AP
- Trump's hush-money defense lawyers have protested the judge's tight control over pretrial motions.
- In a blistering order Tuesday, the judge doubled down on requiring advance notice of new motions.
- Trump's lawyers face "criminal contempt" if they file more motions without asking first, he wrote.
Donald Trump's New York hush money judge issued a blistering written order Tuesday that warned the GOP frontrunner's defense team against "dilatory" tactics between now and the new April 15 trial date.
The trial judge, New York Supreme Court Justice Juan Merchan, threatened Trump's lawyers with contempt if they again try to bend his strict rules limiting the filing of new pretrial motions.
Courts have "power to punish for a criminal contempt" whenever there is "willful disobedience" of a judge's orders, Merchan warned in his ruling.
"This Court has the authority to implement measures as necessary to manage its docket and prevent "dilatory tactics" right up until the eve of trial," Merchan wrote.
Read Judge Merchan's ruling here.
Frivolous delays will not be tolerated, the judge warned.
"Defendant, either directly or through counsel, has repeatedly stated publicly that the defense goal is to delay these proceedings, if possible, past the 2024 presidential election," the judge noted in a footnote on the second page of the ruling.
Merchan has said he does not want to be strafed by last-minute, trial-delaying requests and demands.
On March 8, he ordered that before any new pretrial motions are filed, the parties must send him a one-page pre-motion letter setting out the relief being sought.
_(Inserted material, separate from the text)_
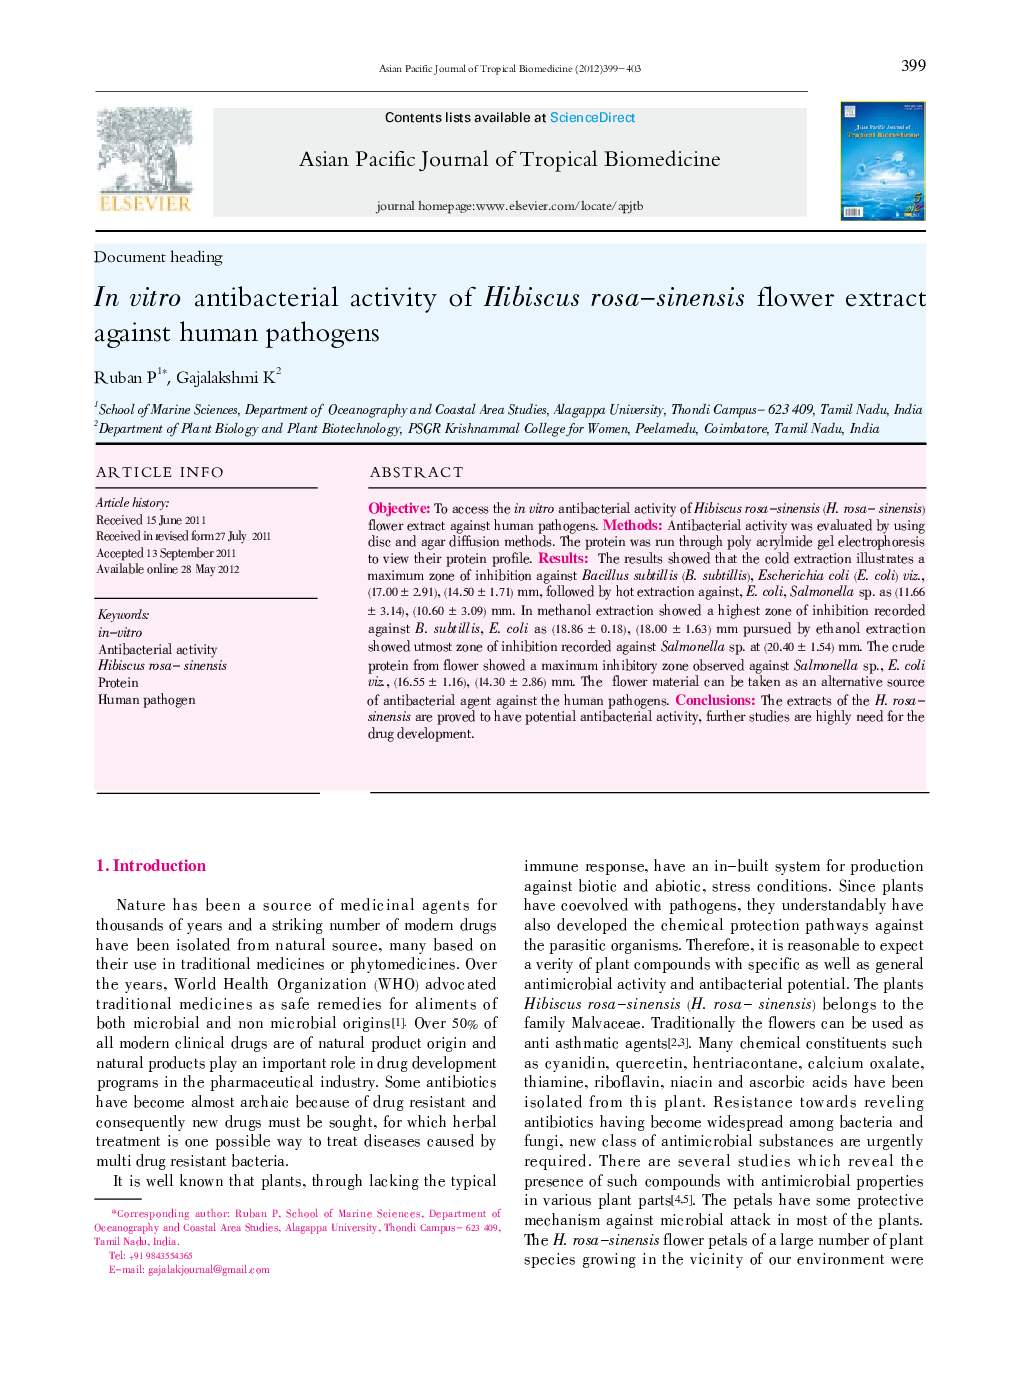 In vitro antibacterial activity of Hibiscus rosa-sinensis flower extract against human pathogens

Only if the judge agrees can the actual motion be filed.
But in Tuesday's ruling, Merchan criticized Trump's team for skirting that rule last week by sending a one-page pre-motion letter attached to the motion itself.
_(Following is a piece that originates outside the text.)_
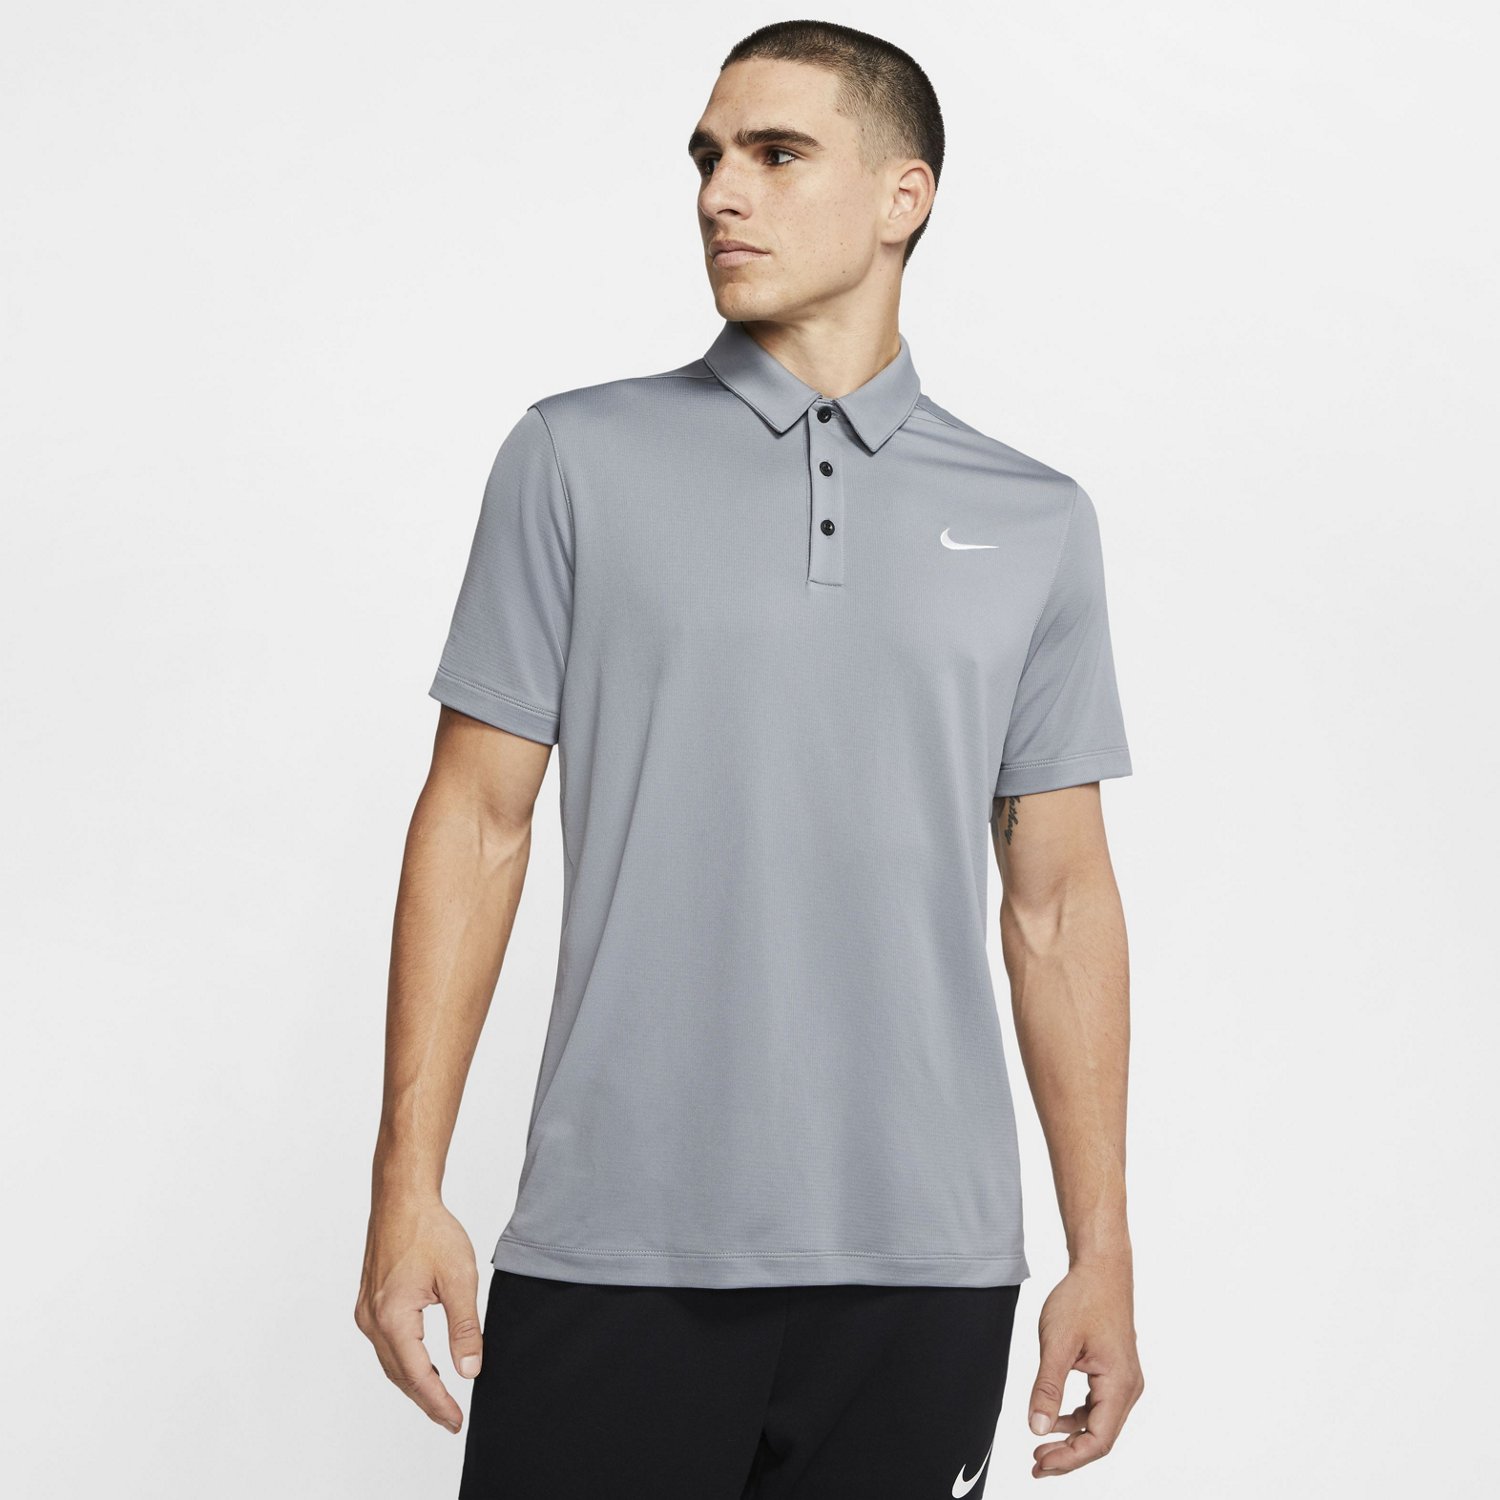 Nike Men's Dri-FIT Football Polo Shirt | Free Shipping at Academy

Trump's side has complained that requiring these letters and the judge's permission violates his constitutional right to a fair trial, over criminal charges that he falsified business documents through hush-money payments to Stormy Daniels ahead of the 2016 presidential election.
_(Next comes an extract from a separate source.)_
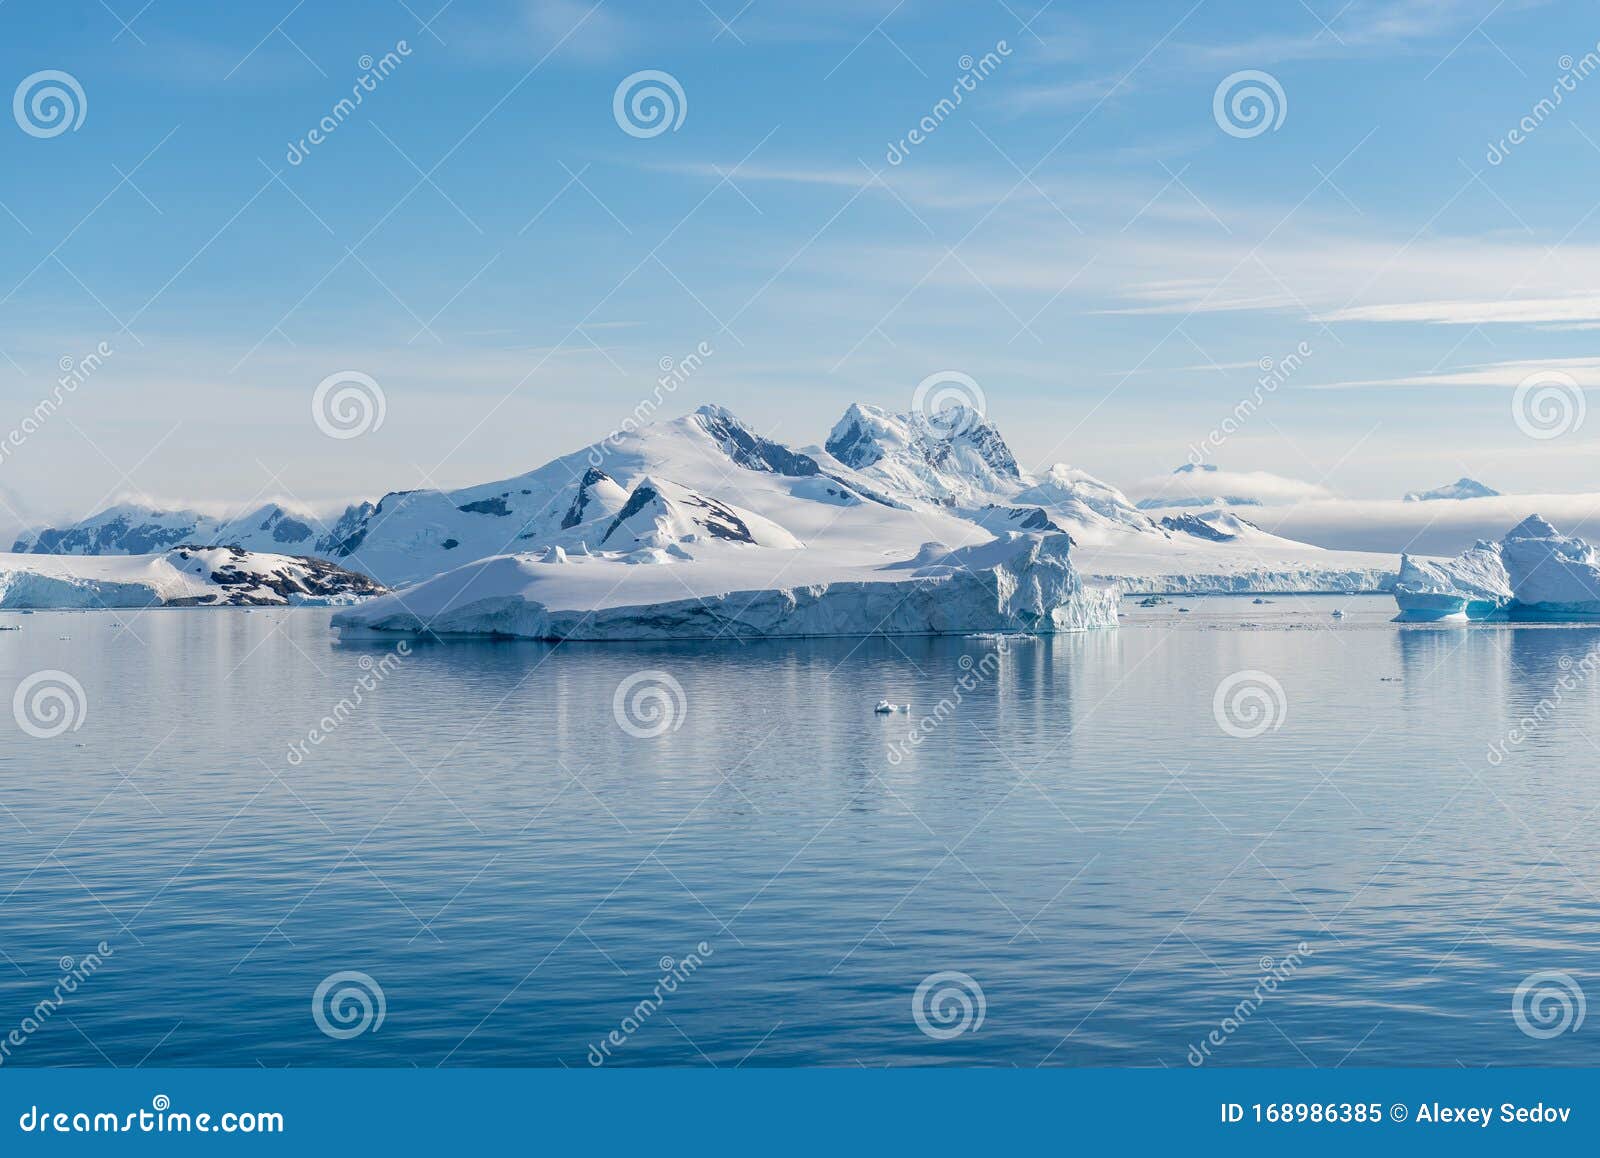 antarctic landscape with iceberg at sea

Later on Tuesday afternoon, Merchan made public a March 10 letter from Trump's legal team that appeared to illustrate his concerns.
Todd Blanche, the former president's lead attorney in the case, wrote the judge a one-page letter asking if he could file a long motion asking yet again to delay the trial, even though Merchan has already indicated the April 15 jury selection date was firm.
Blanche said that "pretrial publicity" made a fair trial impossible. He blamed, in part, the streaming service Peacock, which released a documentary about Stormy Daniels on March 18.
"President Trump's constitutional right to a fair trial is at stake," Blanche wrote. "As will be discussed in detail in the proposed motion, no fair and impartial jury can be selected in this County at the end of this month."
He also blamed alleged "media leaks" about a plea and sentencing of Allen Weisselberg, the longtime Trump Organization executive who was separately convicted of tax fraud, and "the ongoing and near-daily barrage of prejudicial public comments by Michael Cohen and Stephanie Clifford."
Blanche noted that a fair jury might only be assembled when "media attention fades," apparently hopeful that the public might stop paying attention to the former president's criminal case over paying hush money to a porn actress.